Input material Block Start

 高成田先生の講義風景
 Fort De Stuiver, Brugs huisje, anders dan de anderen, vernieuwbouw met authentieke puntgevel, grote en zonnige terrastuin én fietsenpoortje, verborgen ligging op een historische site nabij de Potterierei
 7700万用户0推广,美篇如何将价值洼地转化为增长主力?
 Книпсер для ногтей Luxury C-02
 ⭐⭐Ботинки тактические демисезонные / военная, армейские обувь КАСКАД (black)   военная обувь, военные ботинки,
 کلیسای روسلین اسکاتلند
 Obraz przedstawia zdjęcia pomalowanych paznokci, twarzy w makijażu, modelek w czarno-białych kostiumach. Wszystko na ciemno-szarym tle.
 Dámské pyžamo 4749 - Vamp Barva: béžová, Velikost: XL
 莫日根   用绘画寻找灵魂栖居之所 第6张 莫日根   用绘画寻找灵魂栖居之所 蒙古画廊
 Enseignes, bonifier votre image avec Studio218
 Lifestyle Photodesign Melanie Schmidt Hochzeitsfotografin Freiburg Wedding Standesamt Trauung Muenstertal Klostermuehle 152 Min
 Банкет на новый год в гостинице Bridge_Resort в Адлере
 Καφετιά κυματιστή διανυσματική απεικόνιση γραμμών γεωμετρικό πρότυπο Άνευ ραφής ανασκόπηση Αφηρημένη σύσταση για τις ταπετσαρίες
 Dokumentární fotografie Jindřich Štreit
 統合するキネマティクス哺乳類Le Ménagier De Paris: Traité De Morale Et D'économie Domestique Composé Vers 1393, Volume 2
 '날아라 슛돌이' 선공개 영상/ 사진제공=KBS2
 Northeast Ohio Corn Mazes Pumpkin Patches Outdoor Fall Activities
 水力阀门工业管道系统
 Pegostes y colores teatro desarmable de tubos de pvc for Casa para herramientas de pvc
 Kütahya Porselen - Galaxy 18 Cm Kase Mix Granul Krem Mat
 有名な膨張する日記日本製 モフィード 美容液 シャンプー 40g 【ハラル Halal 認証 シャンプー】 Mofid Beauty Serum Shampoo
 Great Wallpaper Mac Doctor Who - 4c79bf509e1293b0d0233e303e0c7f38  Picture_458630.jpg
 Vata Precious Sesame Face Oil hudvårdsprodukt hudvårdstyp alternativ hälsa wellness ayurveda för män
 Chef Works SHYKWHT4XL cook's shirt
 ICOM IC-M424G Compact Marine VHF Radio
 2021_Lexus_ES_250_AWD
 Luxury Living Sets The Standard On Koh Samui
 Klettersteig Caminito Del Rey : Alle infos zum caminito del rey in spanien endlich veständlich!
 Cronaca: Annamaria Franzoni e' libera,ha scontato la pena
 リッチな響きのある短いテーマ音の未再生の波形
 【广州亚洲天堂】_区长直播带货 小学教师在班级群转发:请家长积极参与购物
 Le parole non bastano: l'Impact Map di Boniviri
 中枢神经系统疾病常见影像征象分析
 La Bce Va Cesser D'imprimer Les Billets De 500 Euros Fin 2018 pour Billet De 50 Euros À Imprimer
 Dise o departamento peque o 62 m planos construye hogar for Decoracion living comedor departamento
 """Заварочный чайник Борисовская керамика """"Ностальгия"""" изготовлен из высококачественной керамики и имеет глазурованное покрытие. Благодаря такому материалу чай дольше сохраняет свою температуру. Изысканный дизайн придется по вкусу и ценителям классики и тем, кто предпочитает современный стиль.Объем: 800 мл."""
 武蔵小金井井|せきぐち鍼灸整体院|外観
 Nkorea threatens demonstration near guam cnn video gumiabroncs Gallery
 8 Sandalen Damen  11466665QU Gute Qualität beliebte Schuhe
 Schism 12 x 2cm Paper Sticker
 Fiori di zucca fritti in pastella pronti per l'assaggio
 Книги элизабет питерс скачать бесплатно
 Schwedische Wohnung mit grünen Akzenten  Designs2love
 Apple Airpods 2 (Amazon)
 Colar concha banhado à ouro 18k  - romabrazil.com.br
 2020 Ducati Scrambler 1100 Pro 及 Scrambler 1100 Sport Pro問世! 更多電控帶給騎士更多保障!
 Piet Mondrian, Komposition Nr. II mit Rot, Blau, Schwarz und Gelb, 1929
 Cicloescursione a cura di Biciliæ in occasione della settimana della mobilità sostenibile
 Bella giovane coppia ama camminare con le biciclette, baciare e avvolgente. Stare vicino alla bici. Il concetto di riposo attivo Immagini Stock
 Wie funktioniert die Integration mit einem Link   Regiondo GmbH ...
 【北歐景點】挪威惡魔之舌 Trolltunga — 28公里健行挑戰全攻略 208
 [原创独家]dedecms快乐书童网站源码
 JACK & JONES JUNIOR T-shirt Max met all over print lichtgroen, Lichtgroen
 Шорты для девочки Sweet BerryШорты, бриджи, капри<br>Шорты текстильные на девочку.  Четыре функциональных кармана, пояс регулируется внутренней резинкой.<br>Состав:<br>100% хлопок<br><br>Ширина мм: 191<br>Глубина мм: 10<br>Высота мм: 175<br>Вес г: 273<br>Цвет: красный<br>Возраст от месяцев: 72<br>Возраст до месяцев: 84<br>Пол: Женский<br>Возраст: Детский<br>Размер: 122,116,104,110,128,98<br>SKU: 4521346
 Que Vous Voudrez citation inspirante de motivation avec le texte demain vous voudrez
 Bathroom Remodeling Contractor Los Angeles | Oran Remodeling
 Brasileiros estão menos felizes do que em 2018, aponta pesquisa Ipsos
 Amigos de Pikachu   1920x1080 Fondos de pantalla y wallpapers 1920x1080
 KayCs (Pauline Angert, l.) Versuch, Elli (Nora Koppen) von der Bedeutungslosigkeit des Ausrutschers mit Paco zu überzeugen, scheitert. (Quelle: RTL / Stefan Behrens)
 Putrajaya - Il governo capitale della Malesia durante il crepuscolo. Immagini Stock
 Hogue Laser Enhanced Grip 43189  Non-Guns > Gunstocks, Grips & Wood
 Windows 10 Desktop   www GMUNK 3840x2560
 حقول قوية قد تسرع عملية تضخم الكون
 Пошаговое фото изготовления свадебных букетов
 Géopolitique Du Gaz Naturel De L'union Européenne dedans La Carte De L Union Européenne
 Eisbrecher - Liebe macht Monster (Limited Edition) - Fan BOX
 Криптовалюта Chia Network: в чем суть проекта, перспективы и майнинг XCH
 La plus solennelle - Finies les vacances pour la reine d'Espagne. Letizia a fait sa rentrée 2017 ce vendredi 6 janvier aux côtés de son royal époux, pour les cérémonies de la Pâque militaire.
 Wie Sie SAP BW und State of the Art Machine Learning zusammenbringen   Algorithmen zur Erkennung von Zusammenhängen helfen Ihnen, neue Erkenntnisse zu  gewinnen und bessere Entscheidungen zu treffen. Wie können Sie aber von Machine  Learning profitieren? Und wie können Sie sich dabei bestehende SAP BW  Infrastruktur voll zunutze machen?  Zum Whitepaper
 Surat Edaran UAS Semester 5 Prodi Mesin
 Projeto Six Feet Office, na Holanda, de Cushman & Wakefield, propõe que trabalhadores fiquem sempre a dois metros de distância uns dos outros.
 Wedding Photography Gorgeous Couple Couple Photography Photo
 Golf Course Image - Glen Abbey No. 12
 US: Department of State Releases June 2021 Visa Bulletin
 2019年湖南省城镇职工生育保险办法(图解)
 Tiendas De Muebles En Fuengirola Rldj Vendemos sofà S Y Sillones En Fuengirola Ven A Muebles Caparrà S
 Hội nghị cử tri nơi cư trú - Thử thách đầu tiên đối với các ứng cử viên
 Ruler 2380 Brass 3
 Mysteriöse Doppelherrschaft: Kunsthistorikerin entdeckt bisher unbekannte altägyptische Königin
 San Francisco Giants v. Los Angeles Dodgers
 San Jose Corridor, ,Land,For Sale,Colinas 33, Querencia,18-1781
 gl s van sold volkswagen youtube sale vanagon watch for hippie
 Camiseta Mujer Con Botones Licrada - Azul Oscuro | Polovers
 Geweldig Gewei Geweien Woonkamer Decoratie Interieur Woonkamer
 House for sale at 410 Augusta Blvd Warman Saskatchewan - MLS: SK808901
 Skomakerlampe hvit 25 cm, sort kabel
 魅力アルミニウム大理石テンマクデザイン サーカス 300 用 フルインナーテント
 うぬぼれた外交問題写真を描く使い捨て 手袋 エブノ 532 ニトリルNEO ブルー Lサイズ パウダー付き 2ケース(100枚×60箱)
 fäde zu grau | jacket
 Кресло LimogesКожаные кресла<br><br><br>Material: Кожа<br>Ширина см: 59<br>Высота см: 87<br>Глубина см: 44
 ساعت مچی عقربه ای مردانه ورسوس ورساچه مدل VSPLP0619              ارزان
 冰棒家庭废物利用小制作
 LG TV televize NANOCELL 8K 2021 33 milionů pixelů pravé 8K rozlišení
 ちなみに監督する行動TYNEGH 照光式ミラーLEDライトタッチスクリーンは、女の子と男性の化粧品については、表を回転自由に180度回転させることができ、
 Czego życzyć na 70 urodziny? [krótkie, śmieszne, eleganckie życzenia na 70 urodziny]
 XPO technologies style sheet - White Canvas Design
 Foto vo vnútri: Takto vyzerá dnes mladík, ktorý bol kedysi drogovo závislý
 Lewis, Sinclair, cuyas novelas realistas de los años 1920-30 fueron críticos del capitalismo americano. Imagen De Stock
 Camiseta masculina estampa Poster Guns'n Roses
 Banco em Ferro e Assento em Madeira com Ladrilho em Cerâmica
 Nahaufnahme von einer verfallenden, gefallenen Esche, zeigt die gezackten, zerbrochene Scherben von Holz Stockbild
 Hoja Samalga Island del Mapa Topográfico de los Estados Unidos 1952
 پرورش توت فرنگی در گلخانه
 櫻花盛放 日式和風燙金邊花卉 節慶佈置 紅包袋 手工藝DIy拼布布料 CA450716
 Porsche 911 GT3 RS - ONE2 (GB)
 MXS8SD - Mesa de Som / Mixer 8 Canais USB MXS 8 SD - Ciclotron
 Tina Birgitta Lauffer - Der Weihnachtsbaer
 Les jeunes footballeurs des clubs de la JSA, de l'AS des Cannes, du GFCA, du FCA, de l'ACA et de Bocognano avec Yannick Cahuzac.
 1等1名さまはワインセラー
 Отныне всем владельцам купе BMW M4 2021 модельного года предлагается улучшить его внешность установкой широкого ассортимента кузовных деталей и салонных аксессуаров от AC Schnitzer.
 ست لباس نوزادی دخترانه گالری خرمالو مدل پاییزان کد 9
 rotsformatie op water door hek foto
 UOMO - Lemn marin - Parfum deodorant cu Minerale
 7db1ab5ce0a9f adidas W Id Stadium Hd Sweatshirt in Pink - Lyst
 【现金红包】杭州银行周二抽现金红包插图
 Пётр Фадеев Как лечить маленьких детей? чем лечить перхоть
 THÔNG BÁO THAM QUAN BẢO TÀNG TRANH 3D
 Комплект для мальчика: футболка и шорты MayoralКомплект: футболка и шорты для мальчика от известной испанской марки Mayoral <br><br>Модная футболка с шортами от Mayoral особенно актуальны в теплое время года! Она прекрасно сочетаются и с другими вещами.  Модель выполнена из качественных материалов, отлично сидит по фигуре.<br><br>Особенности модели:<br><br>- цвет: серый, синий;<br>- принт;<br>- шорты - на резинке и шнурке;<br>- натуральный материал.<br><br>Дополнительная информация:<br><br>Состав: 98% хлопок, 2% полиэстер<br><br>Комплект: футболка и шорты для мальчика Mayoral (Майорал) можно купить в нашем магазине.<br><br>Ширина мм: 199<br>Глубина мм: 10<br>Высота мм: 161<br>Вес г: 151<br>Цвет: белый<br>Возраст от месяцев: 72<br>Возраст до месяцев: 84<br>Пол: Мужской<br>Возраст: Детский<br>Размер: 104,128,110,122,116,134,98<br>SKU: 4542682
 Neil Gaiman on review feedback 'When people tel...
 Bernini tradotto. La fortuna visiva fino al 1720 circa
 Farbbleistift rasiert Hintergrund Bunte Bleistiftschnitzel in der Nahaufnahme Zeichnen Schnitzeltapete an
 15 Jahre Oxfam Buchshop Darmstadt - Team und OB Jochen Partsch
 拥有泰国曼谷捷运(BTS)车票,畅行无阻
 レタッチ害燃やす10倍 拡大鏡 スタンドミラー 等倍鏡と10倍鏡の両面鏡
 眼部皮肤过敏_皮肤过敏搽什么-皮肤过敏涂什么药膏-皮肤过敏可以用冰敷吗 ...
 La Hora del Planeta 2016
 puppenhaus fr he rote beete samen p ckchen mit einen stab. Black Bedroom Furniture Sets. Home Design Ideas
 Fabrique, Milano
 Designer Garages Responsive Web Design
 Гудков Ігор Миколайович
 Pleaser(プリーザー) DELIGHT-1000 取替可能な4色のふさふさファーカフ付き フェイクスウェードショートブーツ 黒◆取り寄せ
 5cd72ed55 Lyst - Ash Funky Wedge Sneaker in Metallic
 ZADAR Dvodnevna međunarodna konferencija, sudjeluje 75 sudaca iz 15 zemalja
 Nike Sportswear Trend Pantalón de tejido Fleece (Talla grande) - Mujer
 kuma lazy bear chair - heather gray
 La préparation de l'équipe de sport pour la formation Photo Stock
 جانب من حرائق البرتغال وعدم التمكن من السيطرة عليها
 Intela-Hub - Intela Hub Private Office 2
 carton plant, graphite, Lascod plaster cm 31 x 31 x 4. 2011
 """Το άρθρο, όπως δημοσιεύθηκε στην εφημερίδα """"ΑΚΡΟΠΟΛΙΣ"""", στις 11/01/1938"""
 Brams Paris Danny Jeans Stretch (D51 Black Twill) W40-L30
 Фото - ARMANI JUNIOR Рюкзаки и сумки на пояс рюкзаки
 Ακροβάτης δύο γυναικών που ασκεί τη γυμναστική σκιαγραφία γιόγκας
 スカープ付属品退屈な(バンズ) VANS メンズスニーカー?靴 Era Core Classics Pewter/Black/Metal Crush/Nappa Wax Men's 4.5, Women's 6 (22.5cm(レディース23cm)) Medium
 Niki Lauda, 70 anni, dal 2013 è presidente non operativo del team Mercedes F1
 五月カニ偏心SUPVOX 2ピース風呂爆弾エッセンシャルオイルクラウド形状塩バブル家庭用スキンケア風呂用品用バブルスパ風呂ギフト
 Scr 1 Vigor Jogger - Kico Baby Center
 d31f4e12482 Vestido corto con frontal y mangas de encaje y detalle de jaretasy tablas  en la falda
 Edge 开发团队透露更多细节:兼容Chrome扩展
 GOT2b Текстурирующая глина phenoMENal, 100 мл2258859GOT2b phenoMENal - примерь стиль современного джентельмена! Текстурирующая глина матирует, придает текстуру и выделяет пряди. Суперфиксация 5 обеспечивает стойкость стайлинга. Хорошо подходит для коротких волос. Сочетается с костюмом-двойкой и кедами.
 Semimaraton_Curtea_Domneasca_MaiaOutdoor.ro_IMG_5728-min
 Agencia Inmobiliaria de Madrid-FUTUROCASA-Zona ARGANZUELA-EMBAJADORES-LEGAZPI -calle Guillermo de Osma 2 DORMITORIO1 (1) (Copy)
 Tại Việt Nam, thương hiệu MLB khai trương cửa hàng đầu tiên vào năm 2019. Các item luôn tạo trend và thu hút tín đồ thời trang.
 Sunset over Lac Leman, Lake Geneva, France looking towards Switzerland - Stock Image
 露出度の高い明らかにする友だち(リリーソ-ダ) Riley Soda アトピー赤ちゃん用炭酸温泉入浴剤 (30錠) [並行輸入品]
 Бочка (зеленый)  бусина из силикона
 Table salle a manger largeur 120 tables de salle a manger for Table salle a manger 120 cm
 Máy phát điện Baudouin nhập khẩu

Input material Block End

Reproduce every line from the preceding data in which the word "Nahaufnahme" can be found.

> _Written solution_
 Nahaufnahme von einer verfallenden, gefallenen Esche, zeigt die gezackten, zerbrochene Scherben von Holz Stockbild
 Farbbleistift rasiert Hintergrund Bunte Bleistiftschnitzel in der Nahaufnahme Zeichnen Schnitzeltapete an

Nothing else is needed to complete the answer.